Data extracted from a collection
------------------------------------------------------------------------
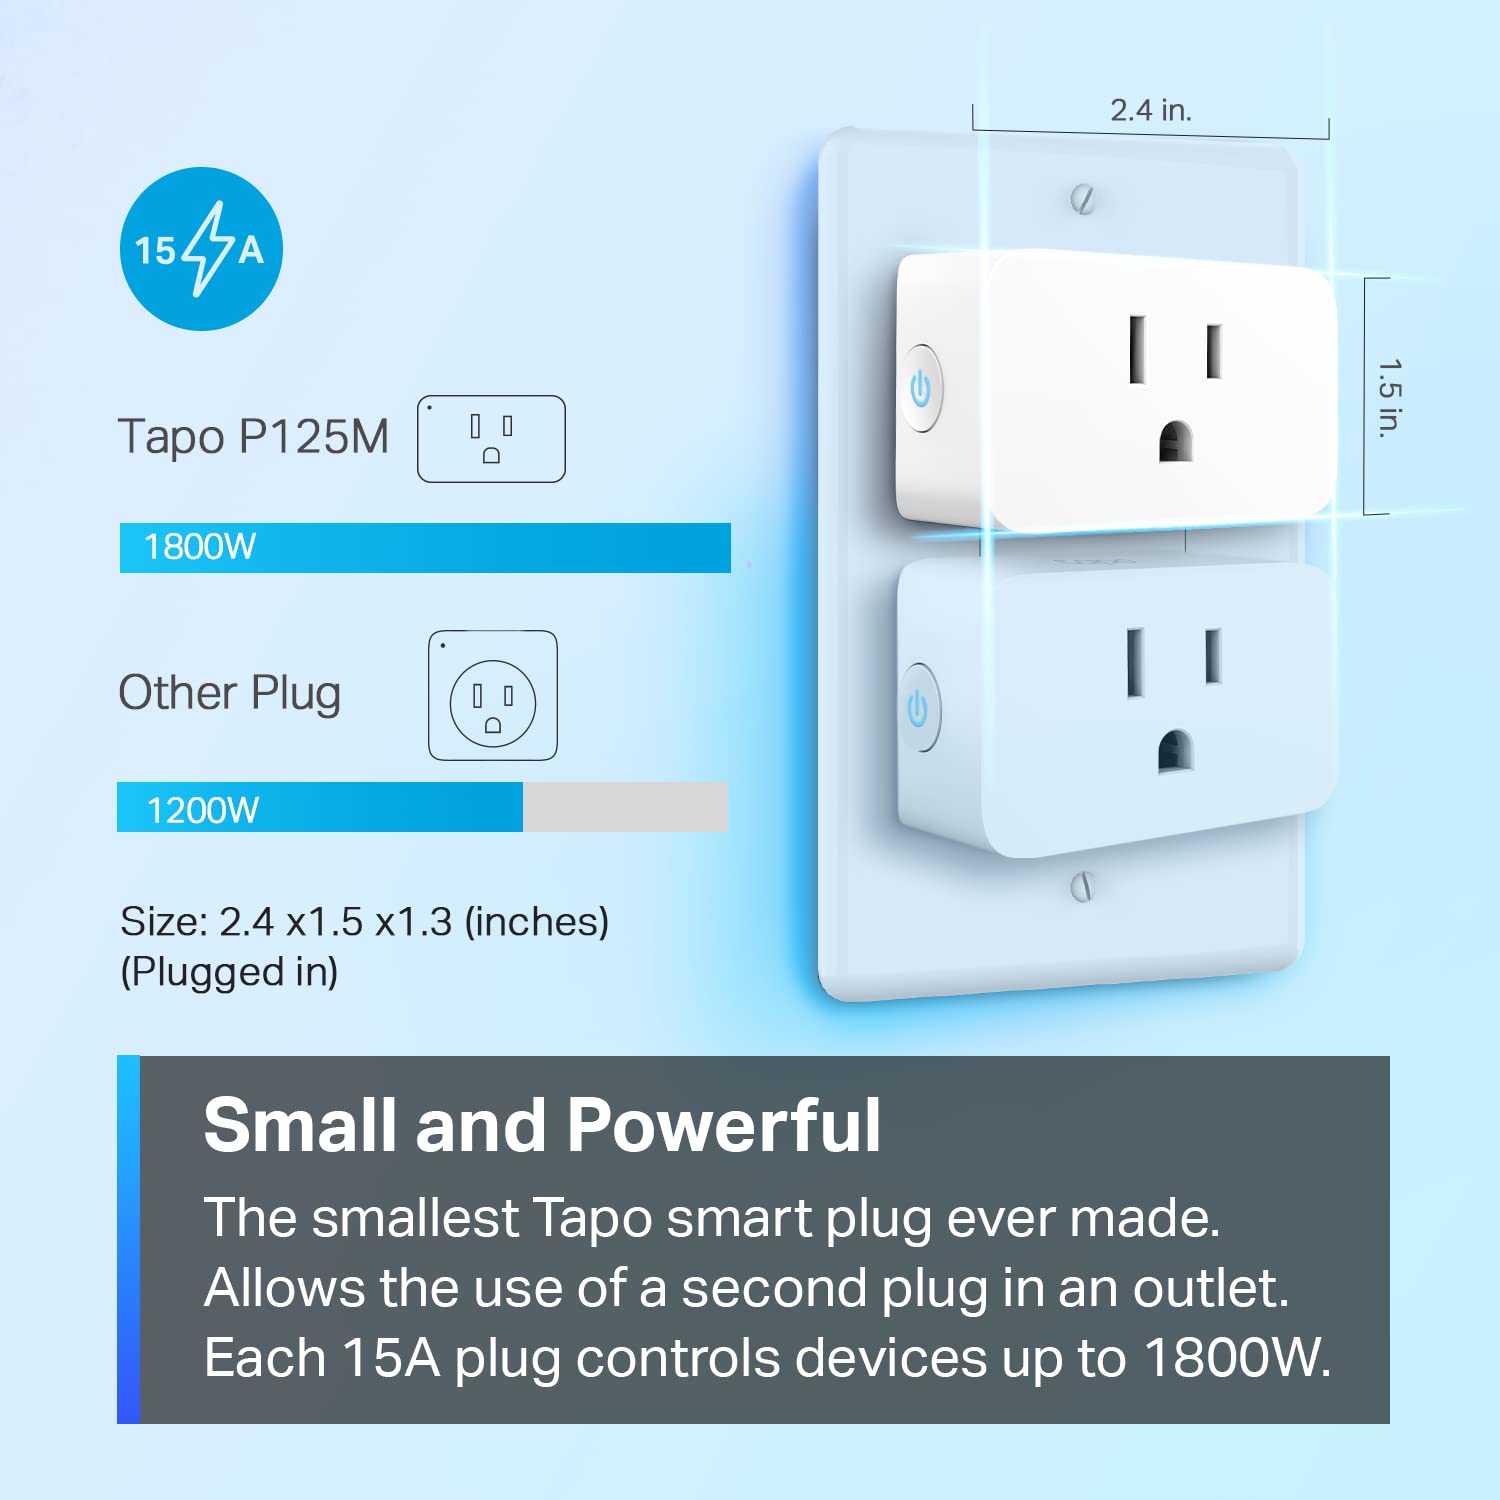 TP-Link Tapo Matter Compatible Smart Plug Mini, Compact Design, 15A/1800W Max, Super Easy Setup, Works with Apple Home, Alexa & Google Home, UL Certified, 2.4G Wi-Fi Only, White, Tapo P125M
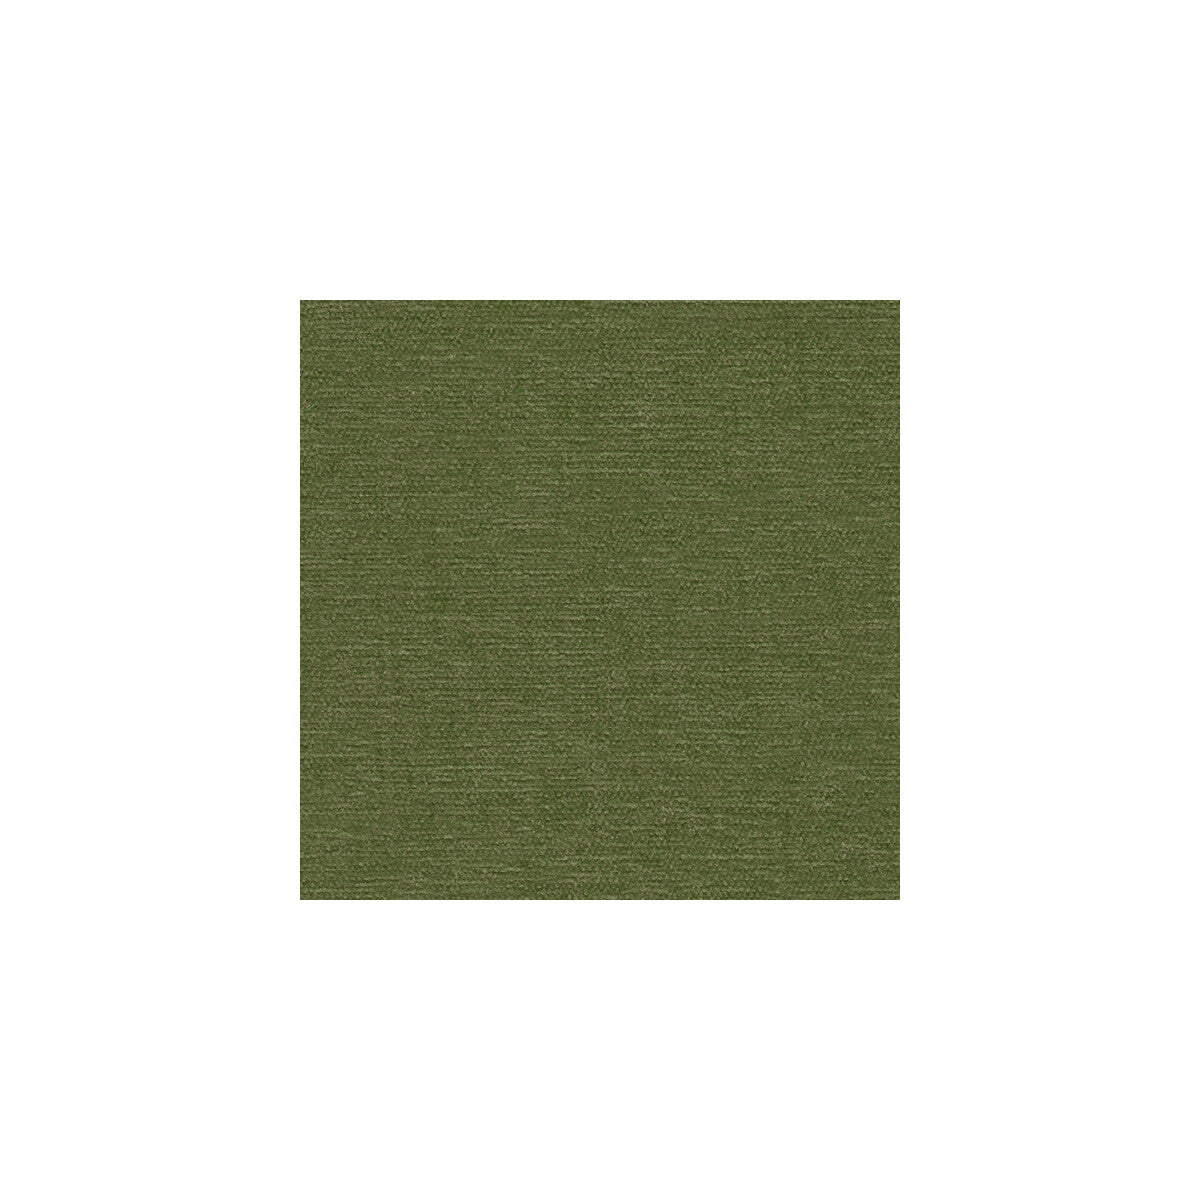 Kravet Contract fabric in 32148-3333 color - pattern 32148.3333.0 - by Kravet Contract
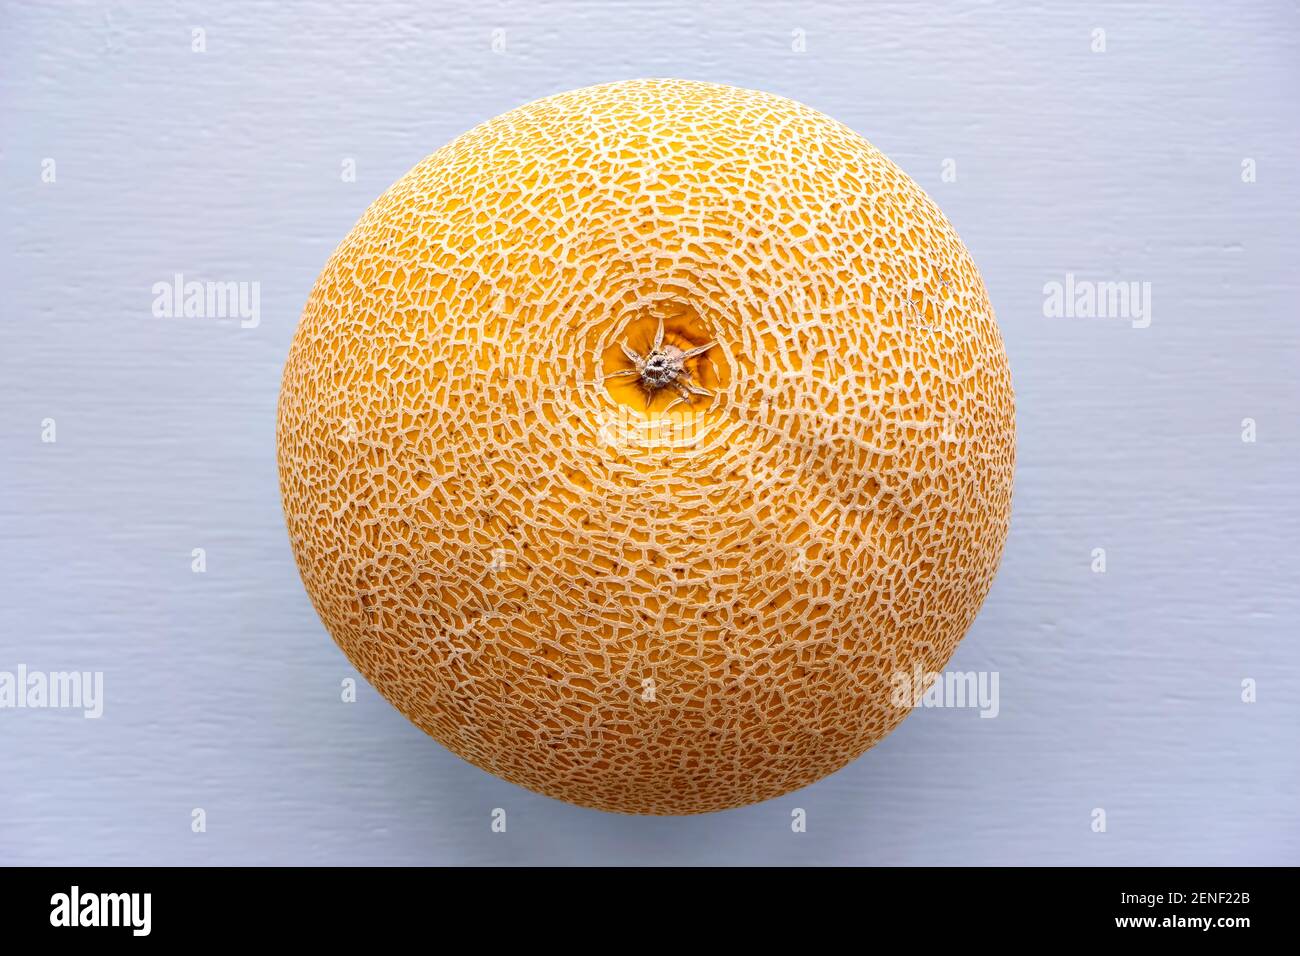 Top view image of honeydew melon with skin texture on a light background. Honeydew melon is the fruit of one cultivar group of the muskmelon. Stock Photo
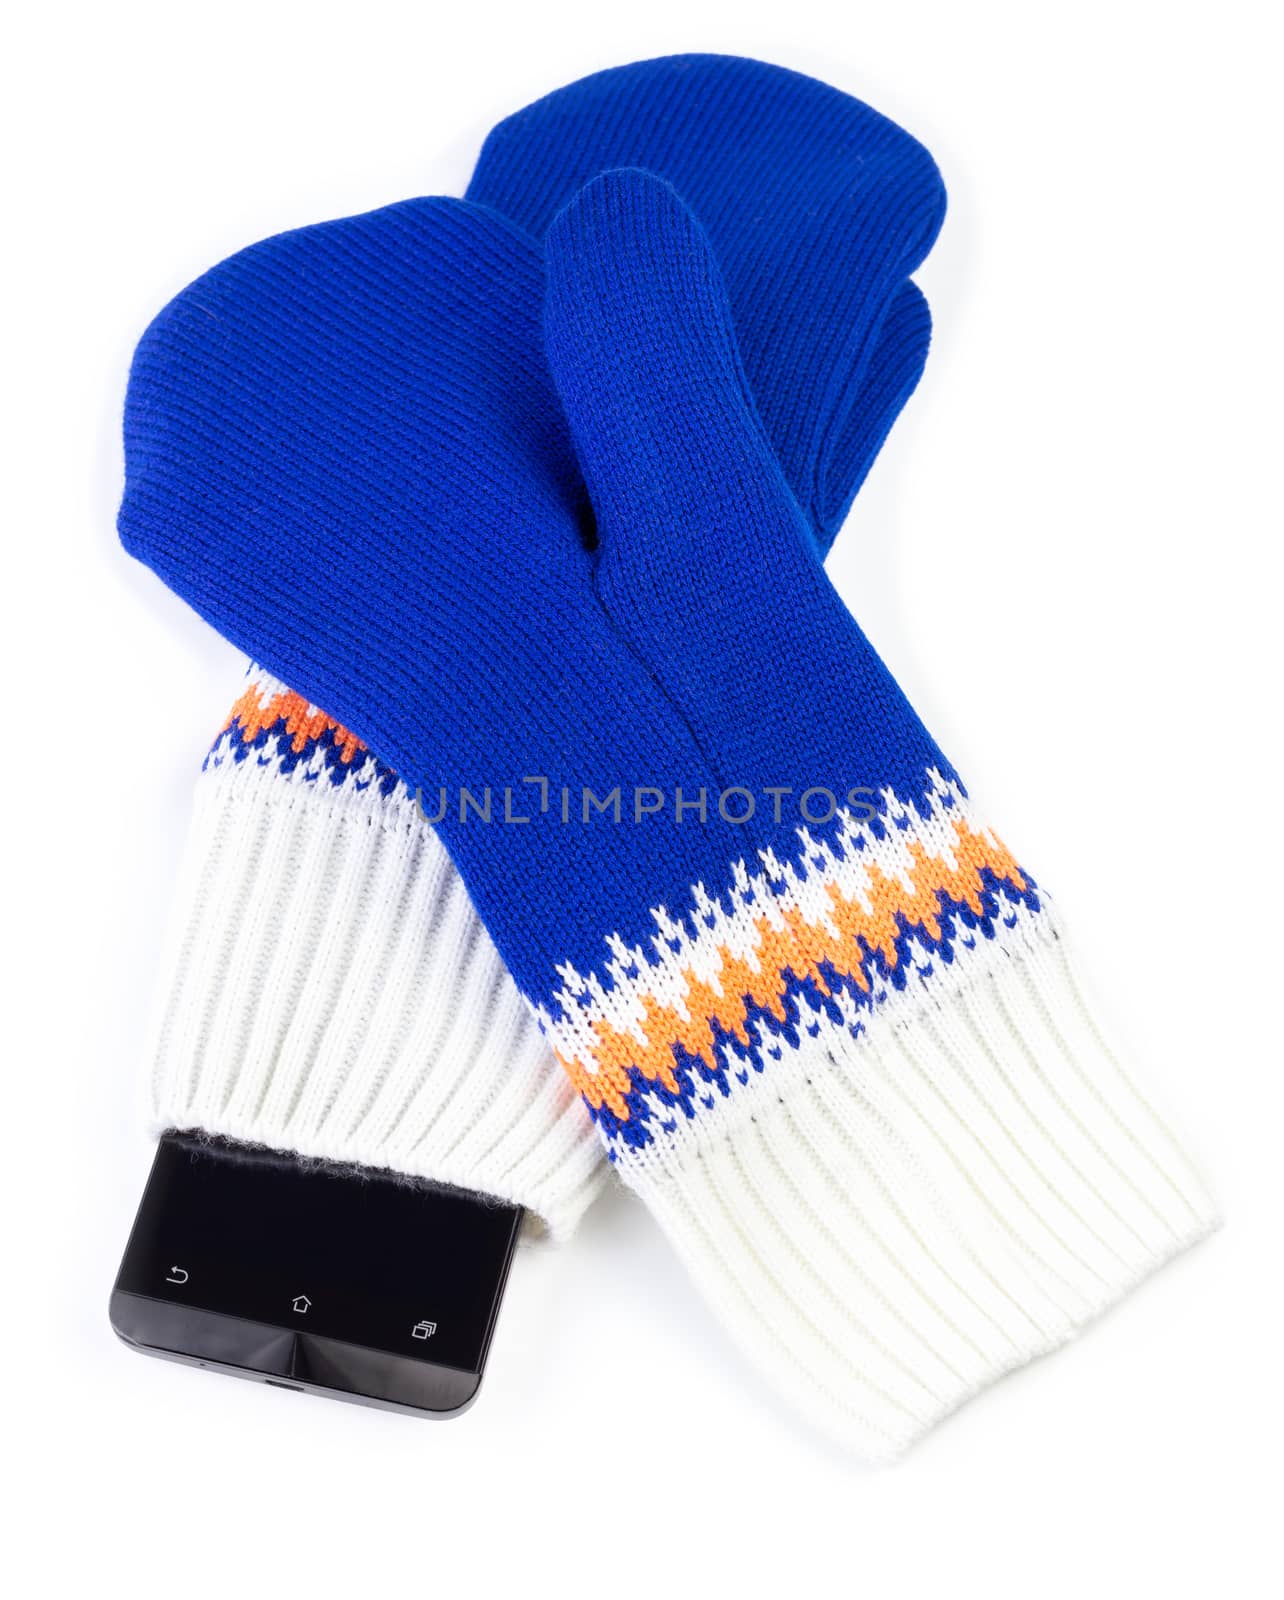 blue and white knited mittens with cellphone isolated on white background.
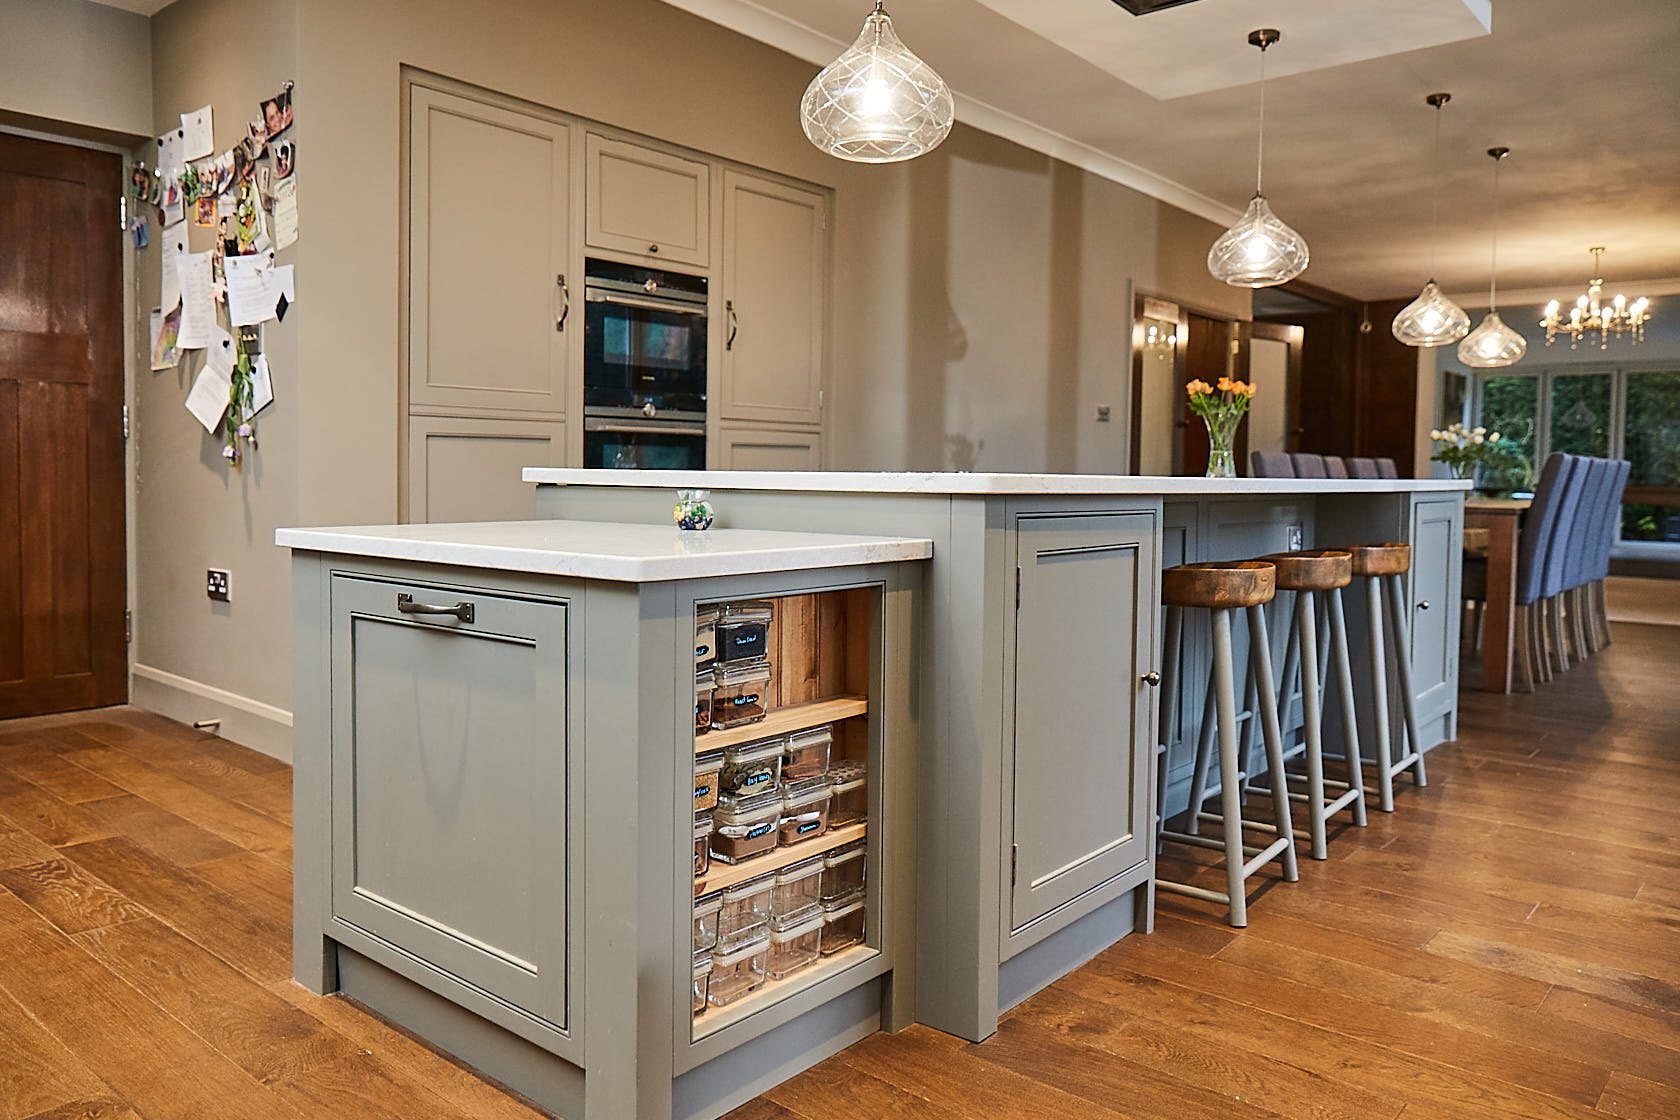 Bespoke kitchen unit with open spice rack on the side
------------------------------------------------------------------------
## [Try it]
Only the lines from the one containing "Kravet Contract fabric" through the last line of the entries should be transcribed, exactly and with no pictures.

## [Output of the task]
 Kravet Contract fabric in 32148-3333 color - pattern 32148.3333.0 - by Kravet Contract
 Top view image of honeydew melon with skin texture on a light background. Honeydew melon is the fruit of one cultivar group of the muskmelon. Stock Photo
 blue and white knited mittens with cellphone isolated on white background.
 Bespoke kitchen unit with open spice rack on the side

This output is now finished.